The Time Triggered Protocol (TTP/C) is a pure time-triggered protocol. Safety is its main objective, thus strict deterministic sequential order leads to a low flexibility. Redundancy on two channels is given. Dependability services such as bus guardian, the group membership algorithm, clique avoidance algorithm and the support for mode changes are available directly in the protocol without the need of middleware [75, 80, 83]. The fault hypothesis for TTP/C is well defined and restrictive as faults have to arrive at least two rounds apart. Outside the fault hypothesis the recovery strategy is well defined with a ”never gives up” strategy as well [78, 80]. A degraded mode is then activated for keeping the system operational.
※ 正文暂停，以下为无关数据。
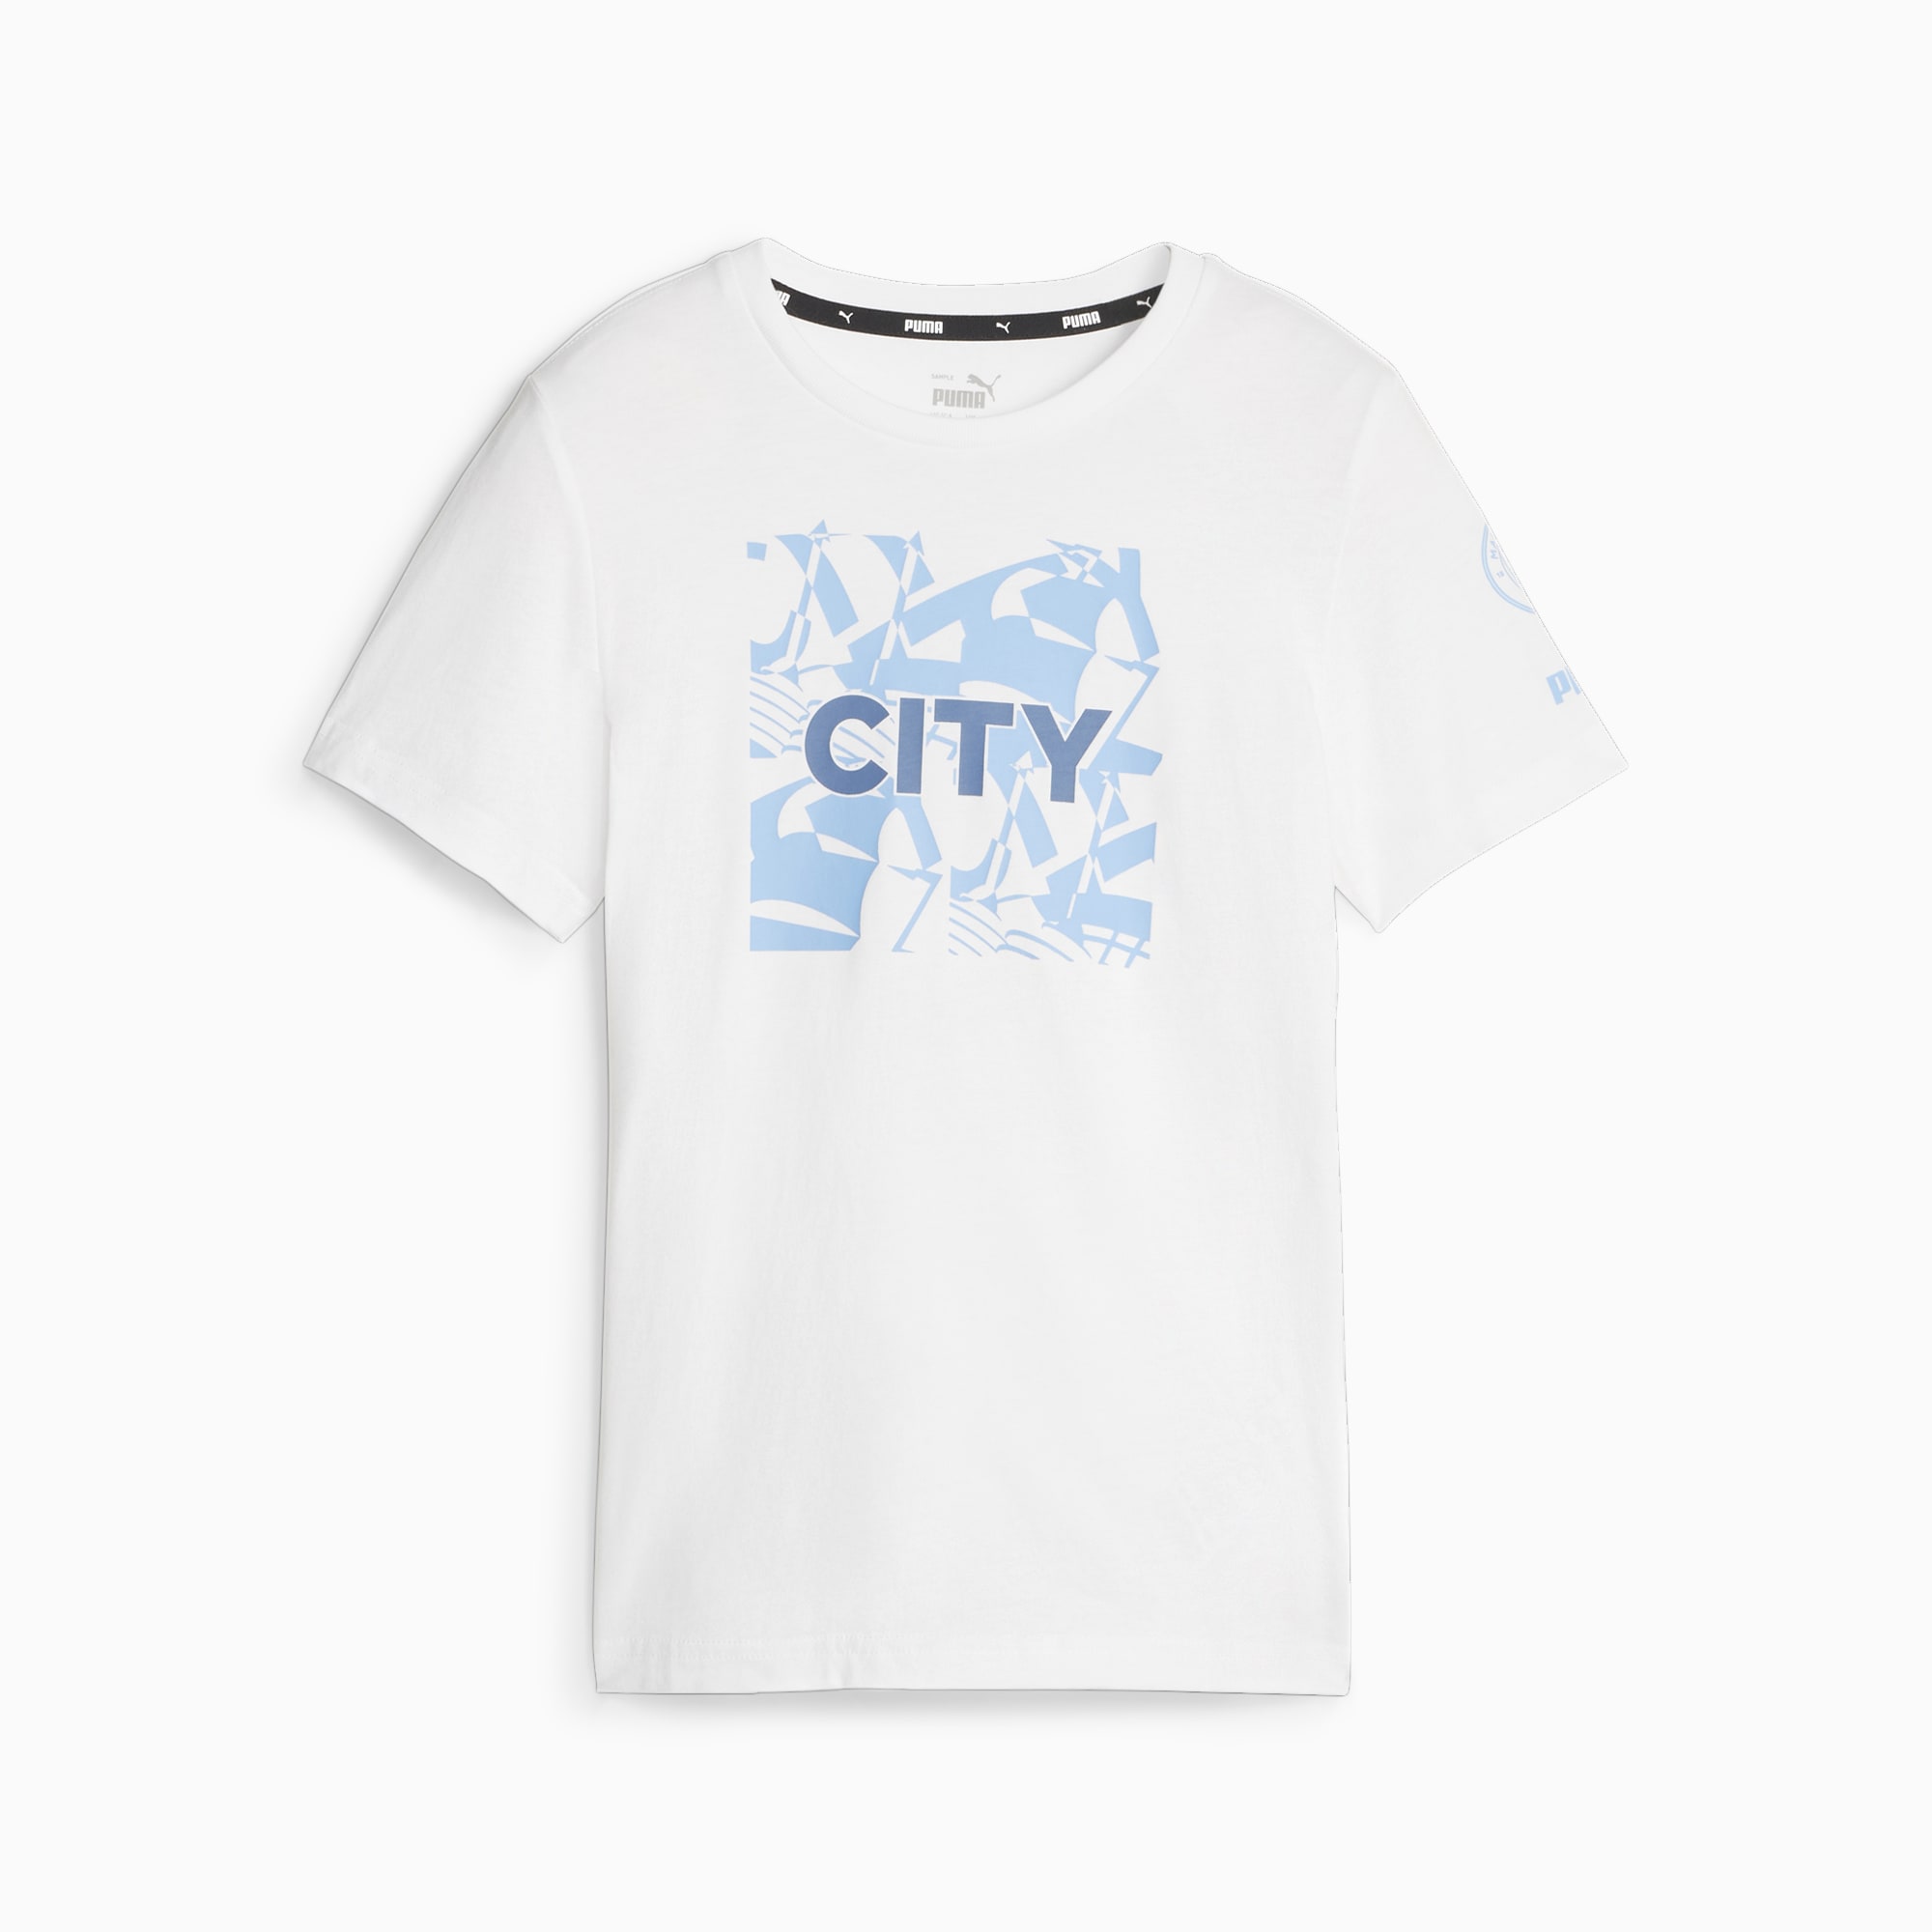 PUMA Manchester City Ftblcore Youth Graphic T-Shirt, White/Light Blue

時間觸發(fā)協(xié)議（TTP/C）是一種純時間觸發(fā)協(xié)議。安全是其主要目標(biāo)，因此嚴(yán)格的確定性順序?qū)е铝说挽`活性。給出了兩個通道的冗余度?？煽康姆?wù)，如總線監(jiān)護(hù)，組成員算法，團避免算法和模式改變的支持，可直接在協(xié)議中不需要中間件。TTP/C的故障假設(shè)是明確的和限制性的，因為故障必須至少到達(dá)兩個回合。在故障假設(shè)之外，恢復(fù)策略被明確定義為“永不放棄”策略。然后激活降級模式以保持系統(tǒng)運行。

Middleware

中間件

Dependability services for x-by-wire applications are achieved by middleware, a software layer located above the platform. The automotive industry has developed a modularized architecture called AUTOSAR (AUTomotive Open Sys-tem Architecture) [86]. This standardized and open software architecture enables an easy integration and update of new software and hard-ware modules into an existing structure. Hence prospective safety requirements for vehicles can be met, so that a high E/E system reliability is given.

X -線控應(yīng)用的可靠性服務(wù)是通過中間件，一個位于平臺之上的軟件層來實現(xiàn)的。汽車工業(yè)已經(jīng)開發(fā)了一種模塊化的體系結(jié)構(gòu)，稱為AutoSar（汽車開放系統(tǒng)體系結(jié)構(gòu)）。這種標(biāo)準(zhǔn)化和開放的軟件體系結(jié)構(gòu)使新軟件和硬件模塊易于集成和更新成現(xiàn)有結(jié)構(gòu)。因此，可以滿足對車輛的預(yù)期安全要求，從而給出了高的E/E系統(tǒng)可靠性。